-- LISTED ENTRIES follows --
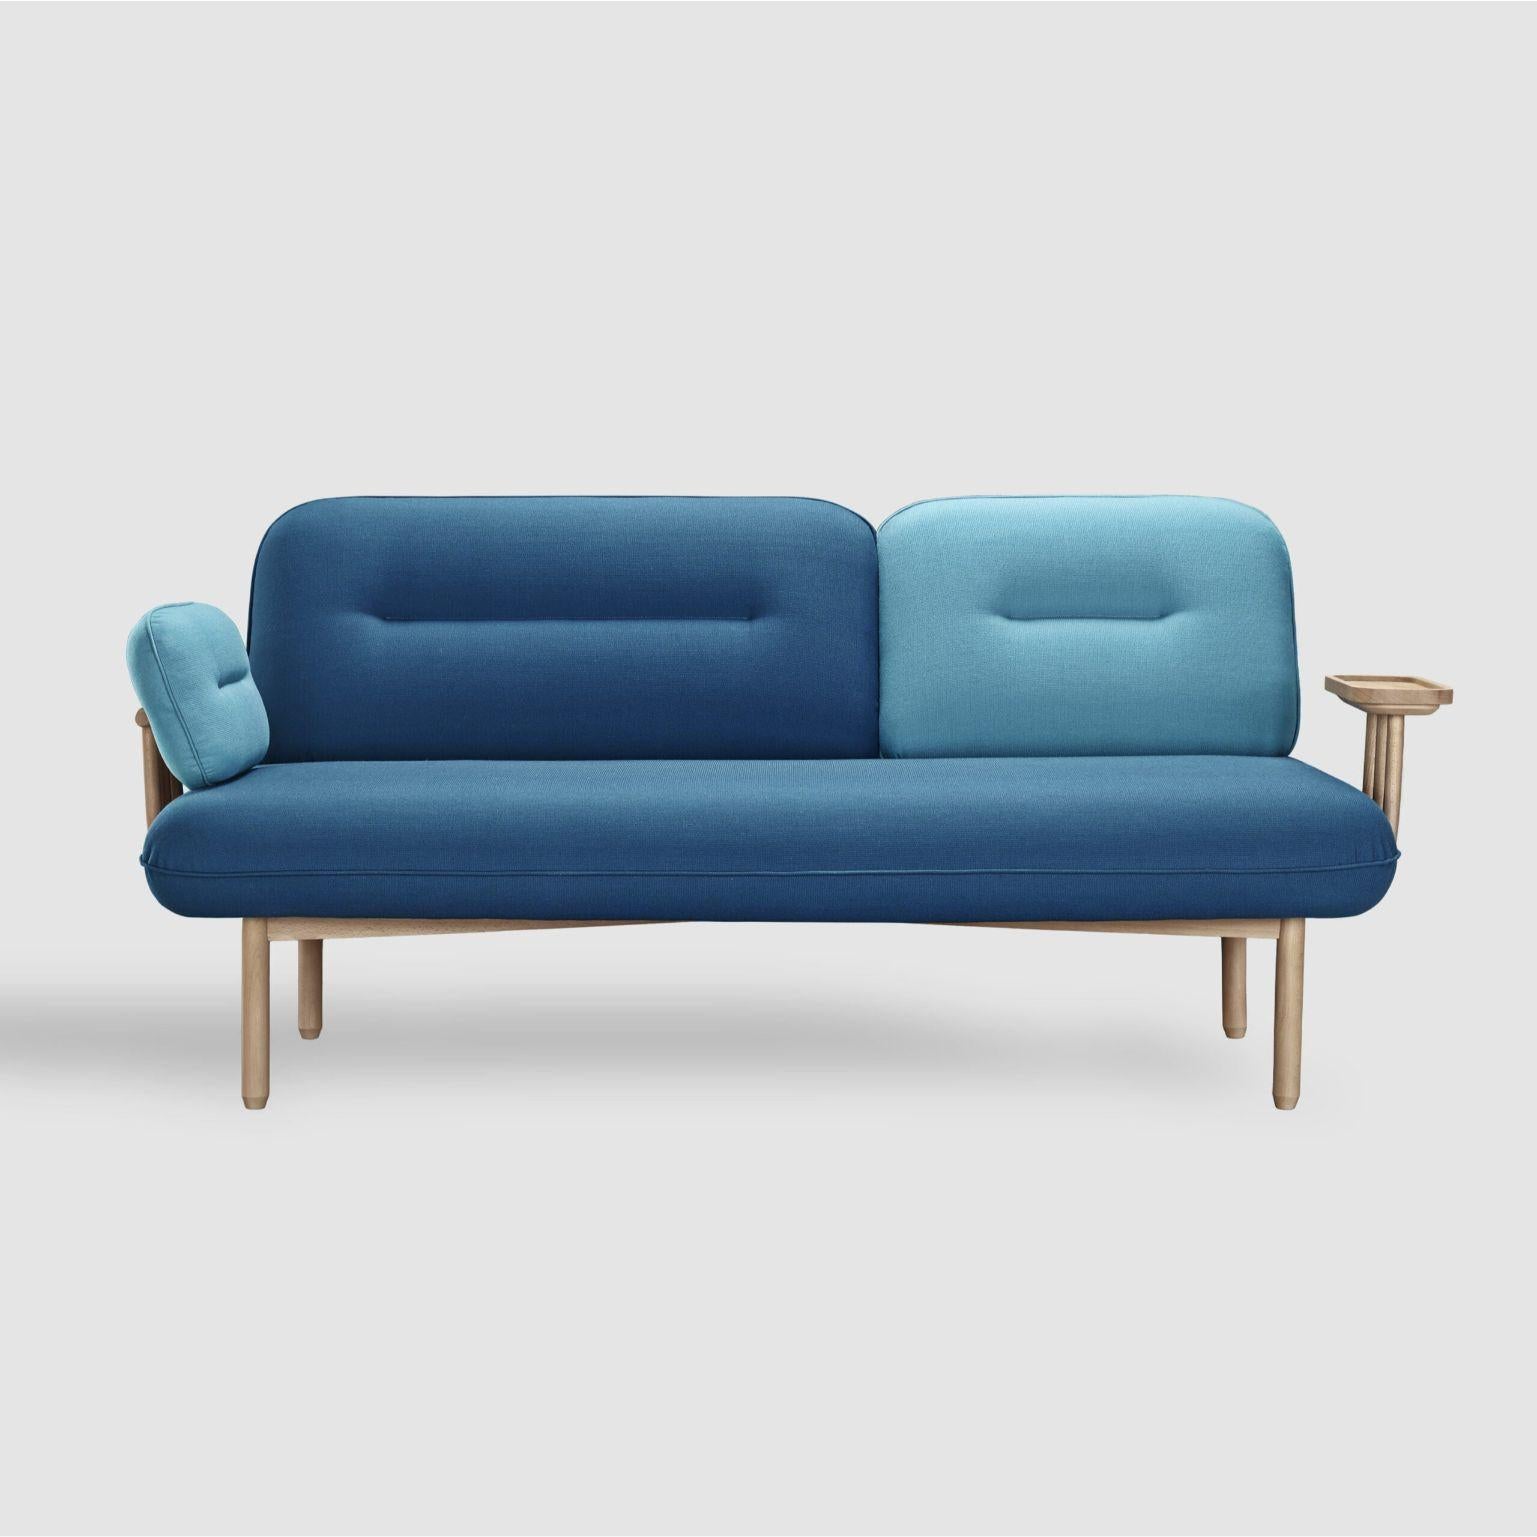 Blue Cosmo sofa by La Selva
Dimensions: W195, D85, H85, Seat45
Materials: Pine and beech wood structure reinforced with plywood
Arms and backrest frame treated with the steam bending technique
Foam CMHR (high resilience and flame retardant) for
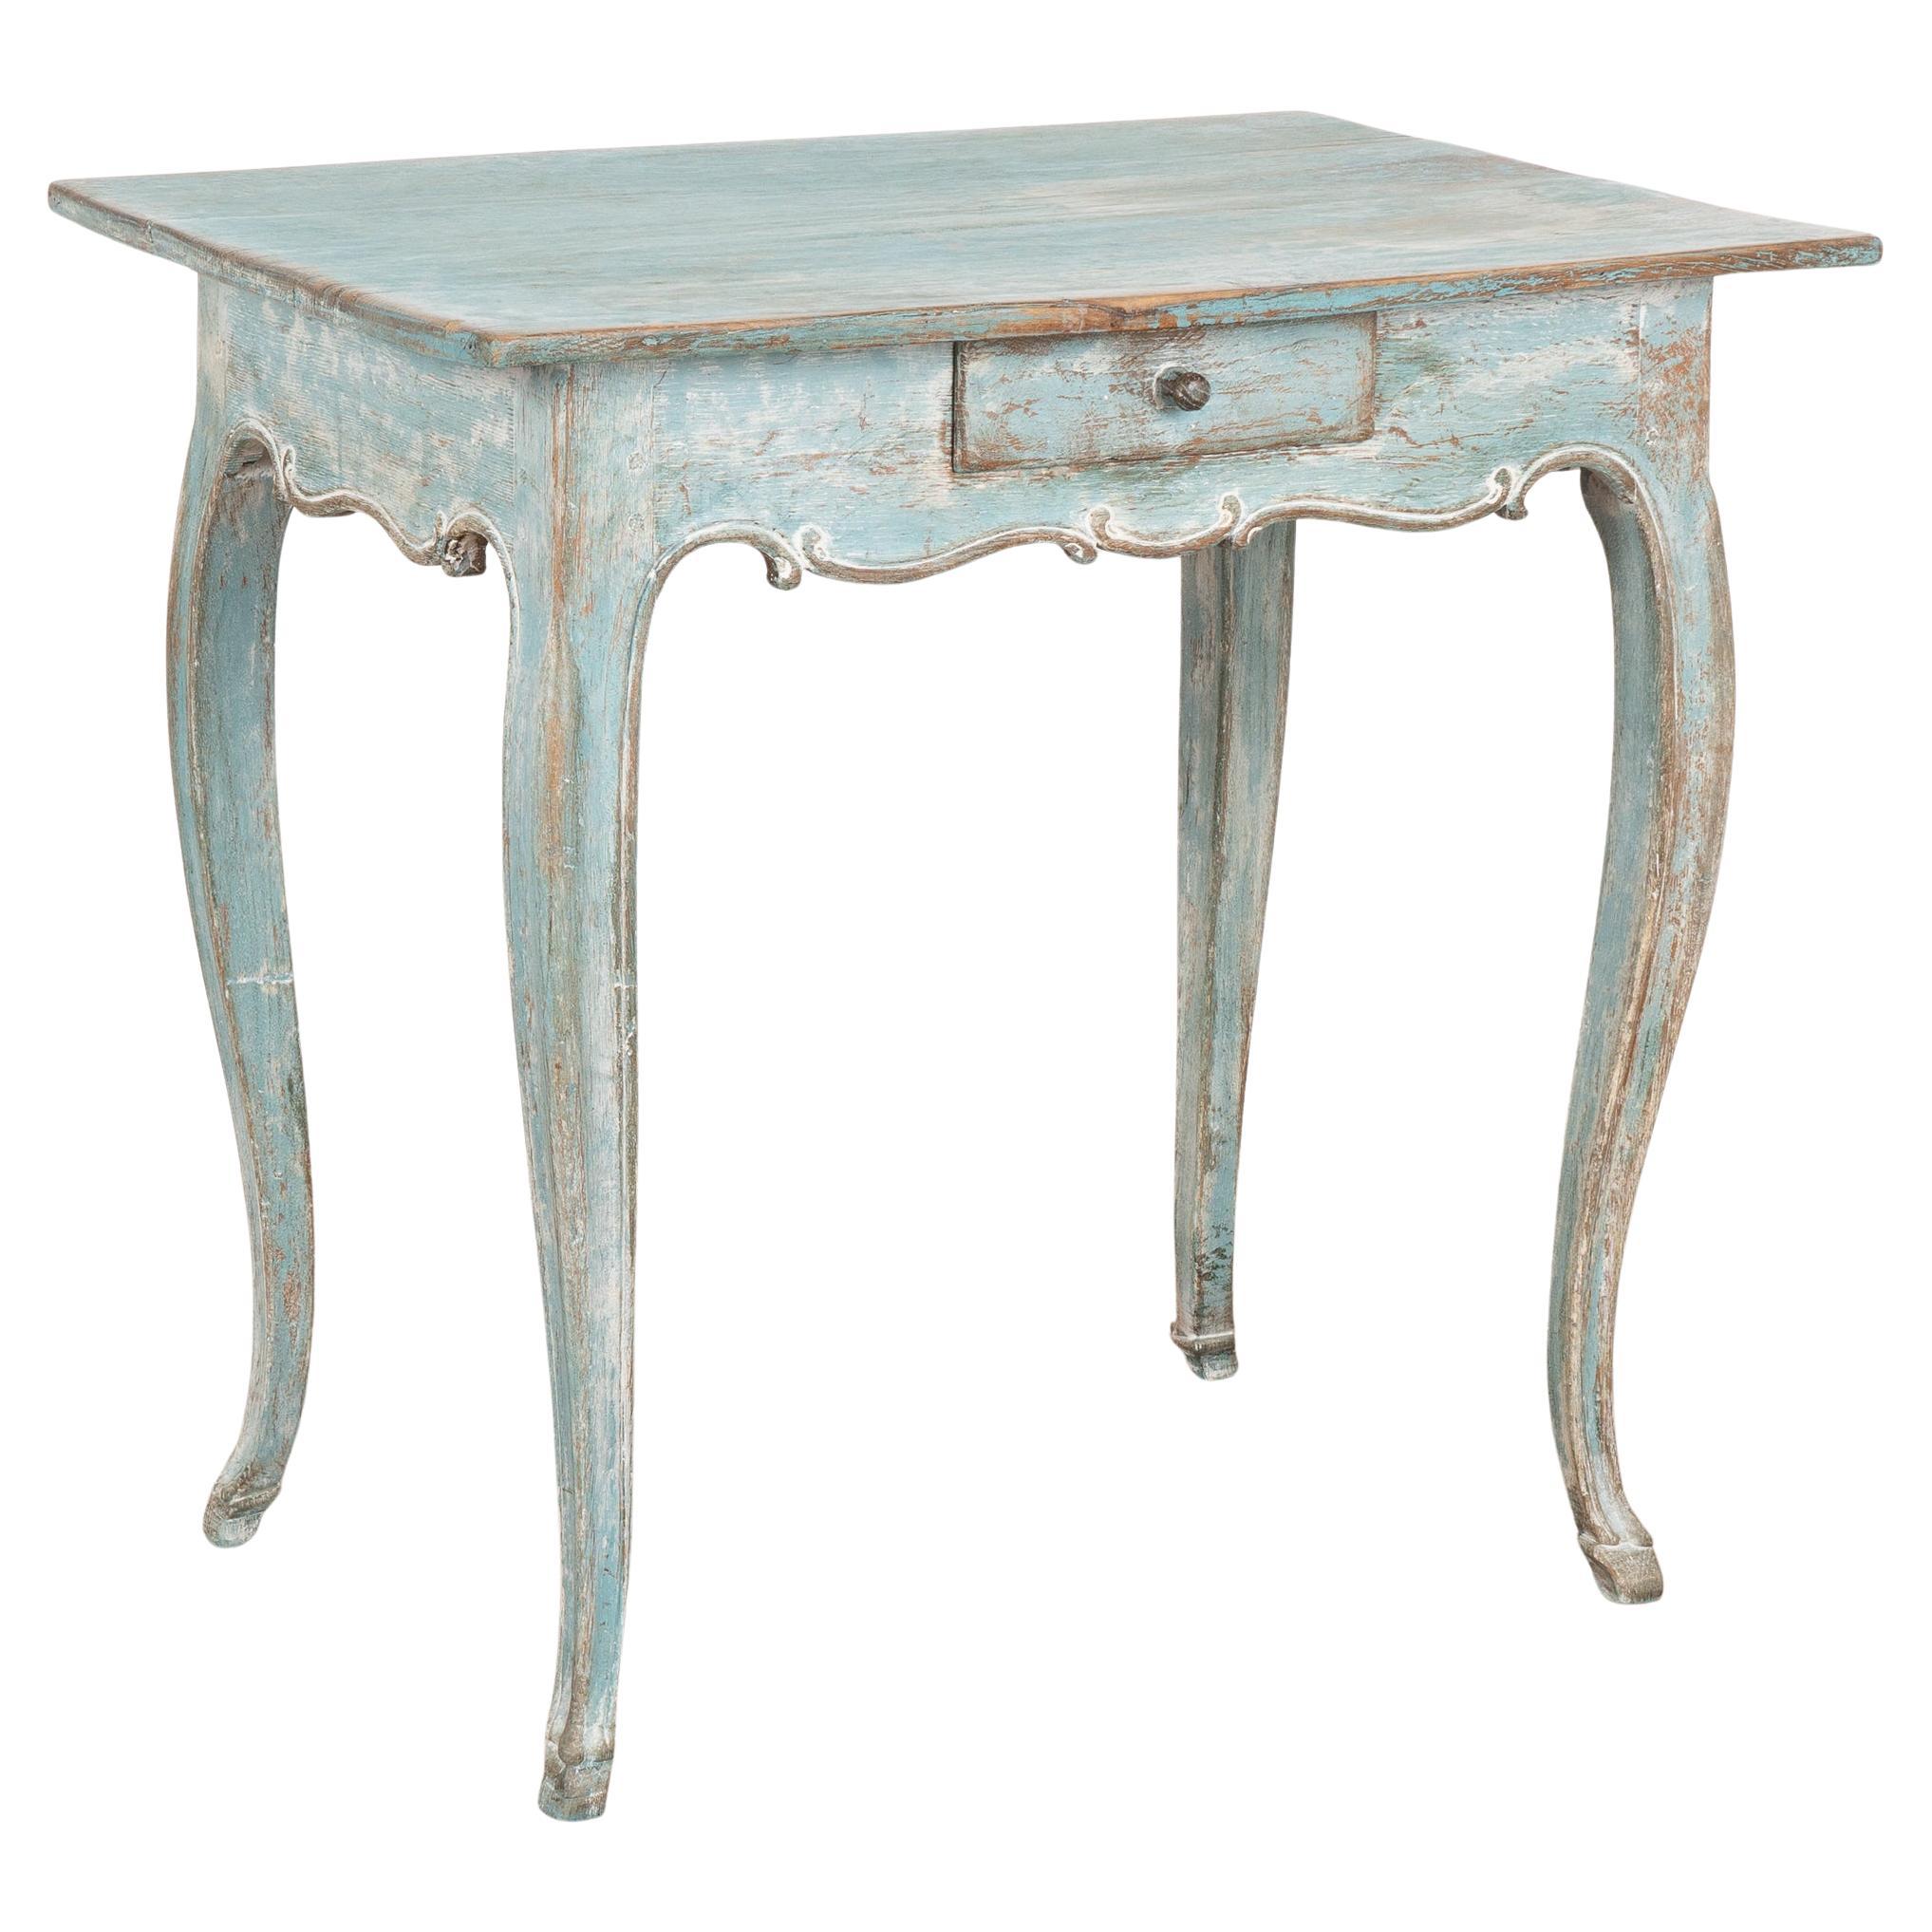 Blue Painted Swedish Side Table With Cabriolet Legs, circa 1800
-- LISTED ENTRIES concluded --
**WHAT IS REQUIRED:** Please keep the pictures out and reproduce the records above exactly.

**TASK RESPONSE:**
 Blue Cosmo sofa by La Selva
Dimensions: W195, D85, H85, Seat45
Materials: Pine and beech wood structure reinforced with plywood
Arms and backrest frame treated with the steam bending technique
Foam CMHR (high resilience and flame retardant) for
 Blue Painted Swedish Side Table With Cabriolet Legs, circa 1800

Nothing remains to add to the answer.